Before using code patterns, verify installed versions match. If versions differ:

R: packageVersion('DNAcopy') then ?segment to confirm arguments
Python: pip show numpy pandas

If code throws an error, introspect the installed package and adapt the example. CBS lives in Bioconductor DNAcopy; HMM segmentation is provided by caller-specific backends (CNVkit uses pomegranate; HaarSeg has its own R/Python packages).

Copy-Ratio Segmentation

"Turn noisy per-bin depth into clean copy-number segments" -> Two stages, both error-prone. First, normalize the depth profile so the only remaining variation is copy number (not GC, mappability, or replication timing). Second, partition the normalized profile into segments of constant copy number. The segmentation algorithm choice has a predictable bias signature, and the diploid-baseline choice can invert every call.

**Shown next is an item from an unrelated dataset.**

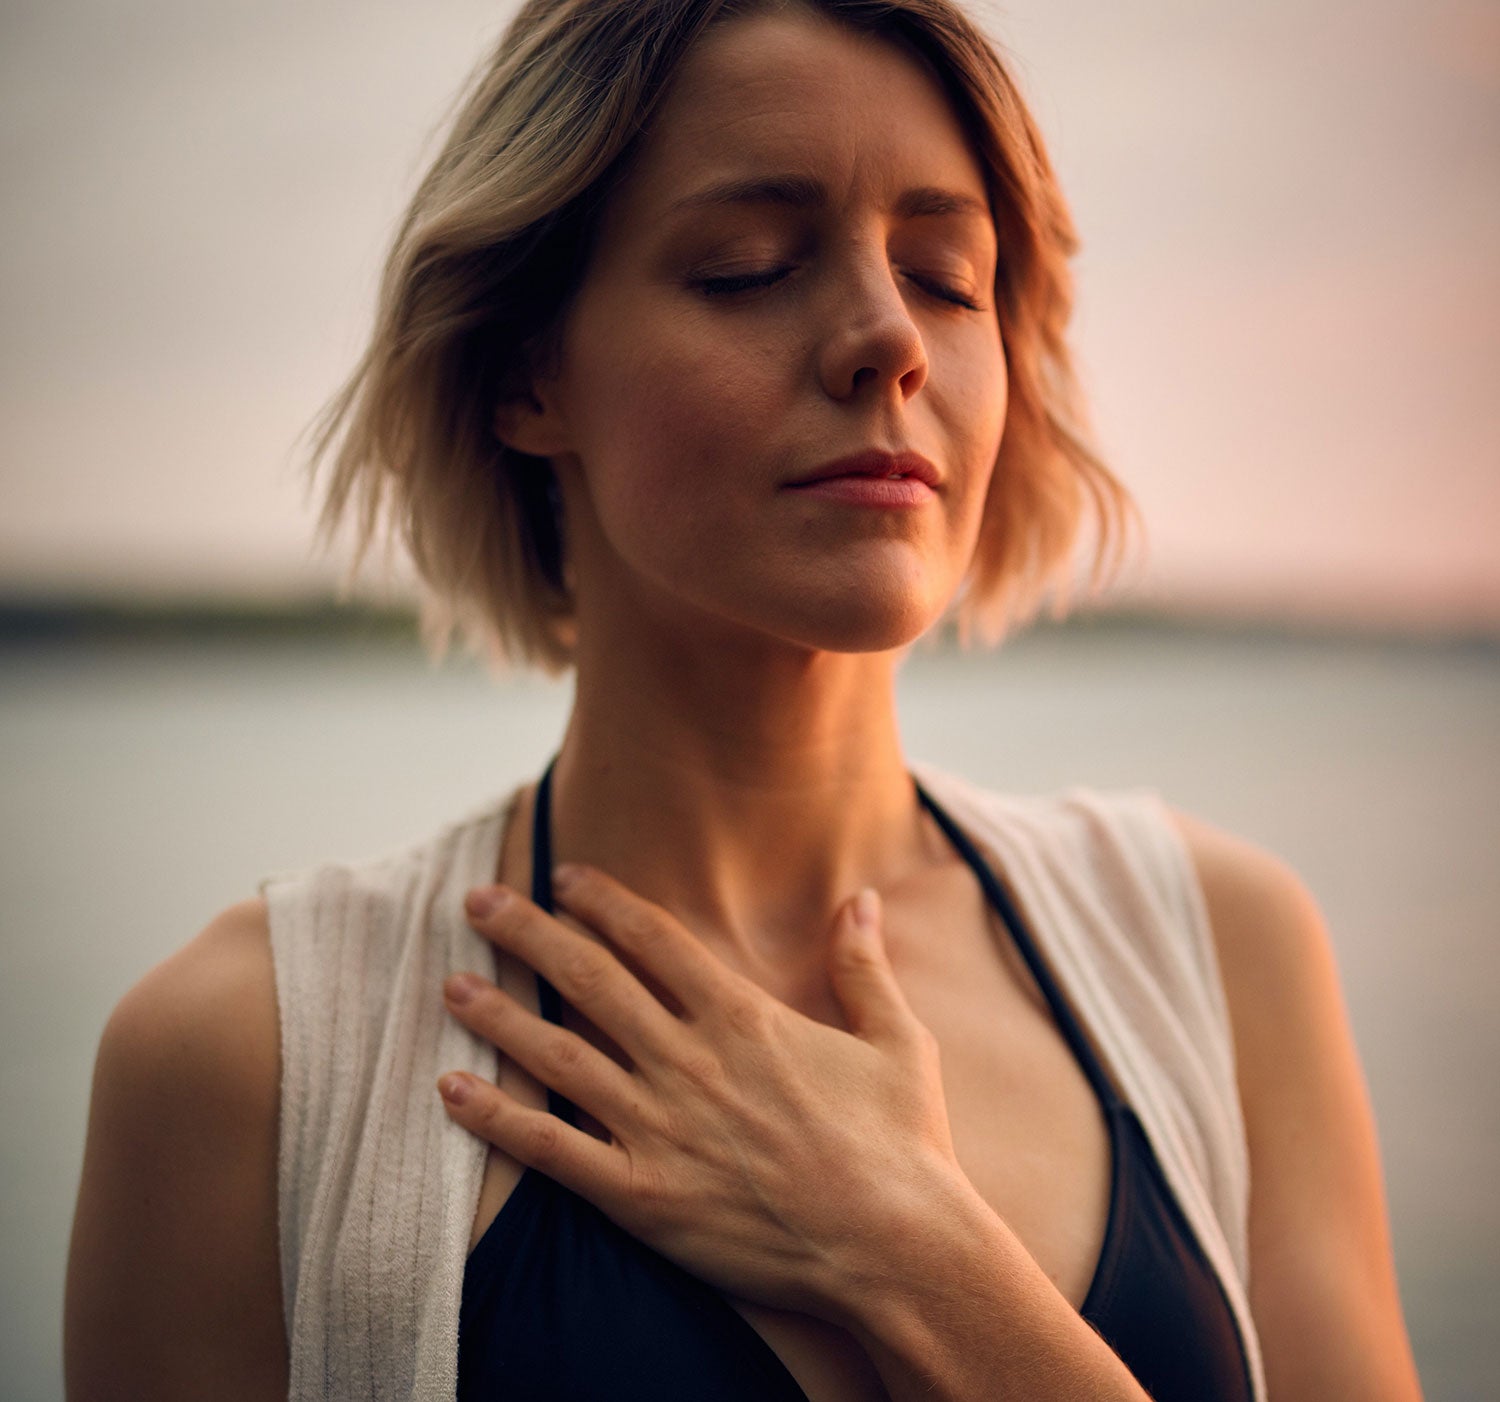 A blond woman in a black bikini top and white vest closes her eyes and places her hand on her chest. Image by Darius Bashar

R: DNAcopy::segment (CBS, the reference implementation)
Python: HMM via pomegranate; HaarSeg via haarseg
The output feeds every CNV caller (cnvkit-analysis, gatk-cnv, allele-specific-copy-number)

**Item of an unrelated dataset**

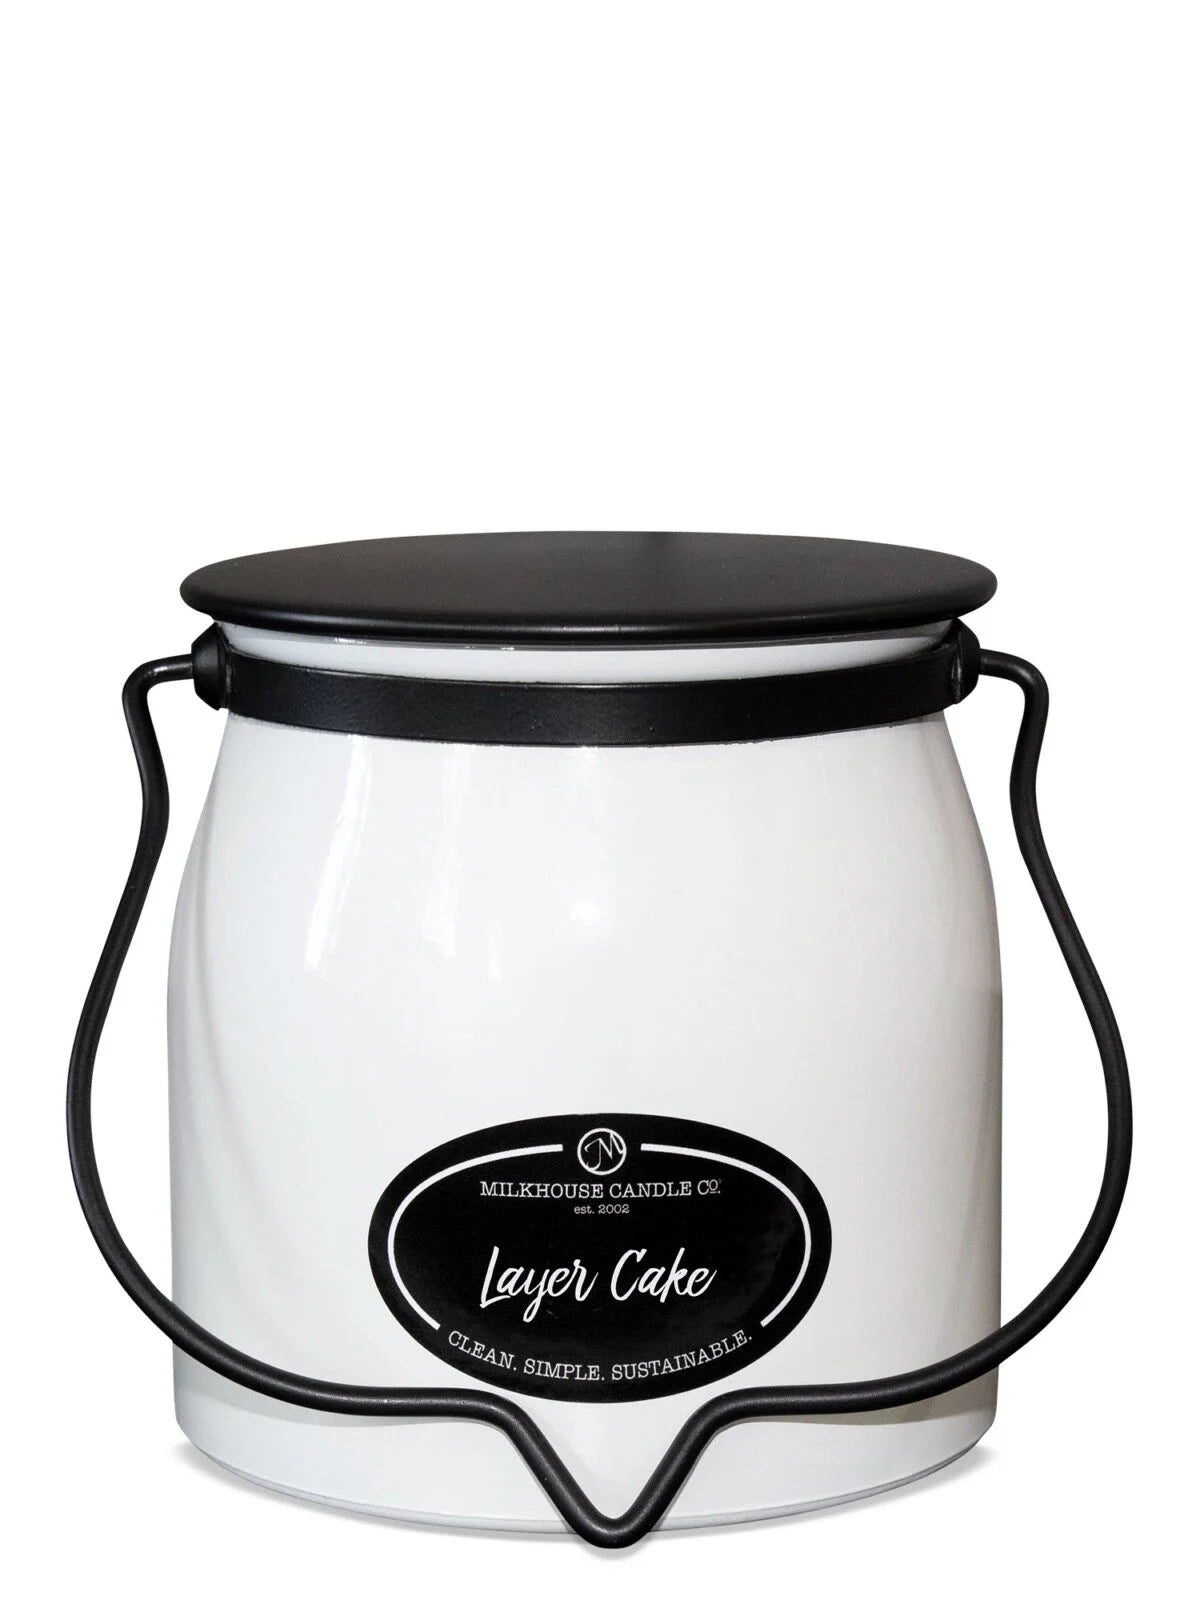 Layer Cake Milkhouse Butter Jar Candle 16oz

Stage 1: Why Depth Is Biased Before It Is Copy Number

Raw read depth confounds copy number with three systematic biases:

| Bias | Cause | Correction | |------|-------|------------| | GC content | PCR efficiency and probe hybridization vary with GC | Loess fit of depth vs GC (QDNAseq), or matched normal | | Mappability | Multi-mapping reads under-counted in repetitive regions | Mappability track filter/weight; exclude low-mappability bins | | Replication timing | Late-replicating DNA is under-represented — the "wave artifact" | Matched normal or PoN; GC correction alone does NOT remove it | | Capture efficiency | Per-probe hybridization varies 10-100x (hybrid capture) | Panel of normals — the dominant bias for exomes/panels |

The key postdoc-level point: GC correction alone is insufficient. The wave artifact in cancer WGS is driven by replication timing, a biological signal GC normalization cannot flatten. Only a matched normal or a panel of normals removes it. This is why a CNVkit flat reference (GC-only) produces systematic false focal calls and why GATK tangent normalization exists.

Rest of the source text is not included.